* _Task to complete_
Could you reproduce every record below exactly as it stands?

== Segment start ==

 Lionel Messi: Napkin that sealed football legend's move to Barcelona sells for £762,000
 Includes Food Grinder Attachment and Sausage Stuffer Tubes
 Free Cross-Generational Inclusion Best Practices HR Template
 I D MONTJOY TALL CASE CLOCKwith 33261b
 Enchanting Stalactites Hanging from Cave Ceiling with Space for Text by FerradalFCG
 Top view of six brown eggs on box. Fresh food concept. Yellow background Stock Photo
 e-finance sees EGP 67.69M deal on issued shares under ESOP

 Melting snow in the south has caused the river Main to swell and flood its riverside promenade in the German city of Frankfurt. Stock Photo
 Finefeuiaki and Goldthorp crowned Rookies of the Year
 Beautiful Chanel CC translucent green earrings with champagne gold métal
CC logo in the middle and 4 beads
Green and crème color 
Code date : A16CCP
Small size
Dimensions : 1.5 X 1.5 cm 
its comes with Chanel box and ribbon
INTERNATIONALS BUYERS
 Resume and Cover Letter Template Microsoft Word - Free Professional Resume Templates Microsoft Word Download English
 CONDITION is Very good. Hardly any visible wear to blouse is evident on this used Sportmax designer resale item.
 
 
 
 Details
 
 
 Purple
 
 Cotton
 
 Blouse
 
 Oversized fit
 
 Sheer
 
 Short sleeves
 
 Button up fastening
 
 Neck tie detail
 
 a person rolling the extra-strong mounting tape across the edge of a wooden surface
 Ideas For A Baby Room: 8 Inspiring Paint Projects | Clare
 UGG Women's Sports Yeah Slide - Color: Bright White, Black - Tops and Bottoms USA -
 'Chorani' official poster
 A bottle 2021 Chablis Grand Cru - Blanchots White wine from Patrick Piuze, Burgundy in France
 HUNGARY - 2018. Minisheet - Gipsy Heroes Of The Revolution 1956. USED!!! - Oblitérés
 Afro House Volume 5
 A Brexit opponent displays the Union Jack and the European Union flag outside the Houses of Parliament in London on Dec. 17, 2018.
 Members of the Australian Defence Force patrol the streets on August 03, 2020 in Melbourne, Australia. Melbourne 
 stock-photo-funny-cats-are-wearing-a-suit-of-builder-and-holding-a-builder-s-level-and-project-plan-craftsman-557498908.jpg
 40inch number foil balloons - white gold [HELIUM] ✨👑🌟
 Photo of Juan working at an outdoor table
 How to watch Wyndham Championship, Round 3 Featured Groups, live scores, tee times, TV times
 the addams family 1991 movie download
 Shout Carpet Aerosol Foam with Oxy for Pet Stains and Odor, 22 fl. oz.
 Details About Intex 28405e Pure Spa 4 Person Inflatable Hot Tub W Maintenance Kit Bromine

== Segment end ==

* _Solved problem_
 Lionel Messi: Napkin that sealed football legend's move to Barcelona sells for £762,000
 Includes Food Grinder Attachment and Sausage Stuffer Tubes
 Free Cross-Generational Inclusion Best Practices HR Template
 I D MONTJOY TALL CASE CLOCKwith 33261b
 Enchanting Stalactites Hanging from Cave Ceiling with Space for Text by FerradalFCG
 Top view of six brown eggs on box. Fresh food concept. Yellow background Stock Photo
 e-finance sees EGP 67.69M deal on issued shares under ESOP

 Melting snow in the south has caused the river Main to swell and flood its riverside promenade in the German city of Frankfurt. Stock Photo
 Finefeuiaki and Goldthorp crowned Rookies of the Year
 Beautiful Chanel CC translucent green earrings with champagne gold métal
CC logo in the middle and 4 beads
Green and crème color 
Code date : A16CCP
Small size
Dimensions : 1.5 X 1.5 cm 
its comes with Chanel box and ribbon
INTERNATIONALS BUYERS
 Resume and Cover Letter Template Microsoft Word - Free Professional Resume Templates Microsoft Word Download English
 CONDITION is Very good. Hardly any visible wear to blouse is evident on this used Sportmax designer resale item.
 
 
 
 Details
 
 
 Purple
 
 Cotton
 
 Blouse
 
 Oversized fit
 
 Sheer
 
 Short sleeves
 
 Button up fastening
 
 Neck tie detail
 
 a person rolling the extra-strong mounting tape across the edge of a wooden surface
 Ideas For A Baby Room: 8 Inspiring Paint Projects | Clare
 UGG Women's Sports Yeah Slide - Color: Bright White, Black - Tops and Bottoms USA -
 'Chorani' official poster
 A bottle 2021 Chablis Grand Cru - Blanchots White wine from Patrick Piuze, Burgundy in France
 HUNGARY - 2018. Minisheet - Gipsy Heroes Of The Revolution 1956. USED!!! - Oblitérés
 Afro House Volume 5
 A Brexit opponent displays the Union Jack and the European Union flag outside the Houses of Parliament in London on Dec. 17, 2018.
 Members of the Australian Defence Force patrol the streets on August 03, 2020 in Melbourne, Australia. Melbourne 
 stock-photo-funny-cats-are-wearing-a-suit-of-builder-and-holding-a-builder-s-level-and-project-plan-craftsman-557498908.jpg
 40inch number foil balloons - white gold [HELIUM] ✨👑🌟
 Photo of Juan working at an outdoor table
 How to watch Wyndham Championship, Round 3 Featured Groups, live scores, tee times, TV times
 the addams family 1991 movie download
 Shout Carpet Aerosol Foam with Oxy for Pet Stains and Odor, 22 fl. oz.
 Details About Intex 28405e Pure Spa 4 Person Inflatable Hot Tub W Maintenance Kit Bromine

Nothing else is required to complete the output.